Schornsteinfeger dürfen künftig als Energieberater tätig werden
"Das ist sicherlich für viele Heizungsinstallateure interessant", sagt Gerold Happ, Geschäftsführer für Immobilien und Umweltrecht bei Haus und Grund. So könnten Installateure beispielsweise die gesetzlich vorgeschriebene Immissionsschutzmessung übernehmen, die bislang nur Schornsteinfeger durchführen durften. Kurzfristig rechnen die Hausbesitzer-Lobbyisten nicht mit deutlichen Preisnachlässen, aber "den einen oder anderen Euro", könnte man sicherlich sparen, erwartet Happ.
Gleichzeitig erweitert sich der Spielraum für Schornsteinfeger: Mit der Liberalisierung wird das bislang für sie geltende Nebenerwerbs-Verbot aufgehoben. Schornsteinfeger könnten sich also neben ihrer eigentlichen Tätigkeit beispielsweise als Energieberater verdingen, was ihnen bislang untersagt war.
Wie sich Hausbesitzer vor hohen Schornsteinfeger-Preisen schützen können
Einige Schornsteinfeger bereiten sich schon jetzt auf die Liberalisierung vor und bieten ihren Kunden Wartungsverträge mit mehrjähriger Laufzeit an, wie die Stiftung Warentest berichtet. Verbraucherschützer raten Hausbesitzern davon ab, diese Verträge abzuschließen. Denn dann könnten sie im kommenden Jahr nicht mehr auf die Dienste eines günstigeren freien Schornsteinfegers zurückgreifen.
Besser sei es, abzuwarten und Preise zu vergleichen. Denn wenn auch die Preise für die hoheitlichen Aufgaben im nächsten Jahr steigen, so sei doch damit zu rechnen, dass freie Schornsteinfeger ihre Dienste für weniger Geld anbieten werden.

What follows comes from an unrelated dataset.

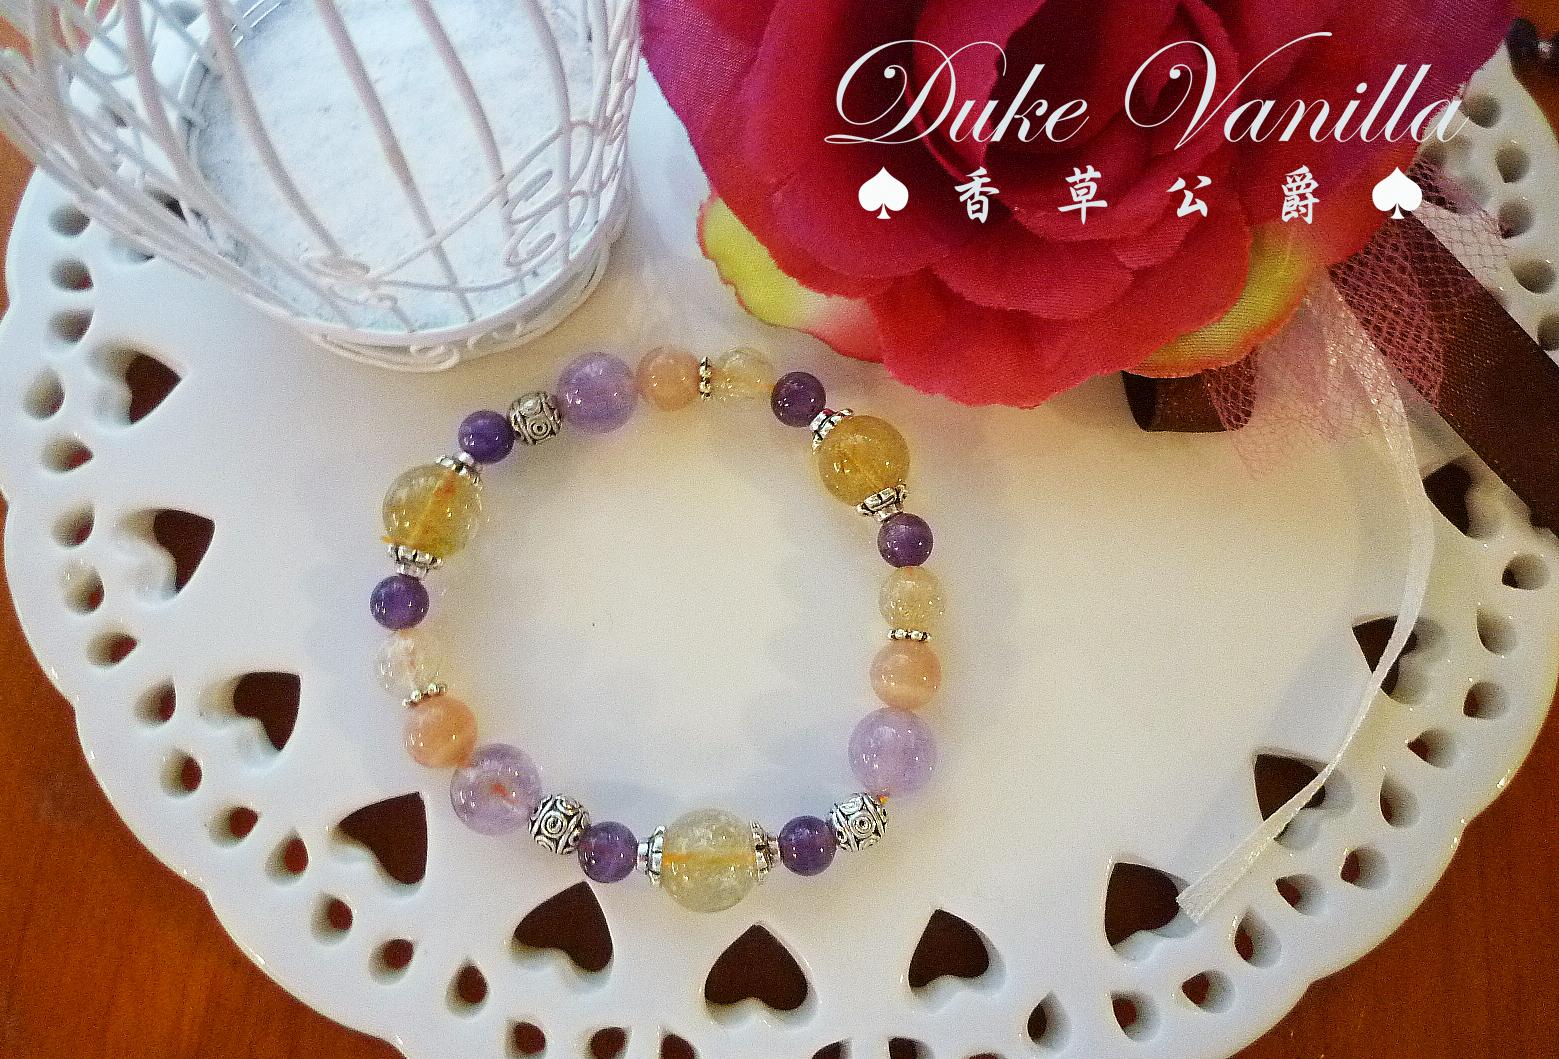 招財華麗金髮晶紫晶太陽石古銀手環 - Duke Vanilla 香草公爵

Hausbesitzer müssen Schornsteinfeger selbst beauftragen
Die Gesetzesänderung birgt für Hausbesitzer neue Pflichten: Sie müssen künftig selbst dafür sorgen, dass Heizungsanlage und Schornstein regelmäßig kontrolliert werden. Bislang wurden sie vom Bezirksschornsteinfeger darauf hingewiesen, wenn wieder ein Besuch anstand, nun müssen sie sich selbst darum kümmern. Wer die neue Pflicht missachtet, dem droht ein Bußgeld.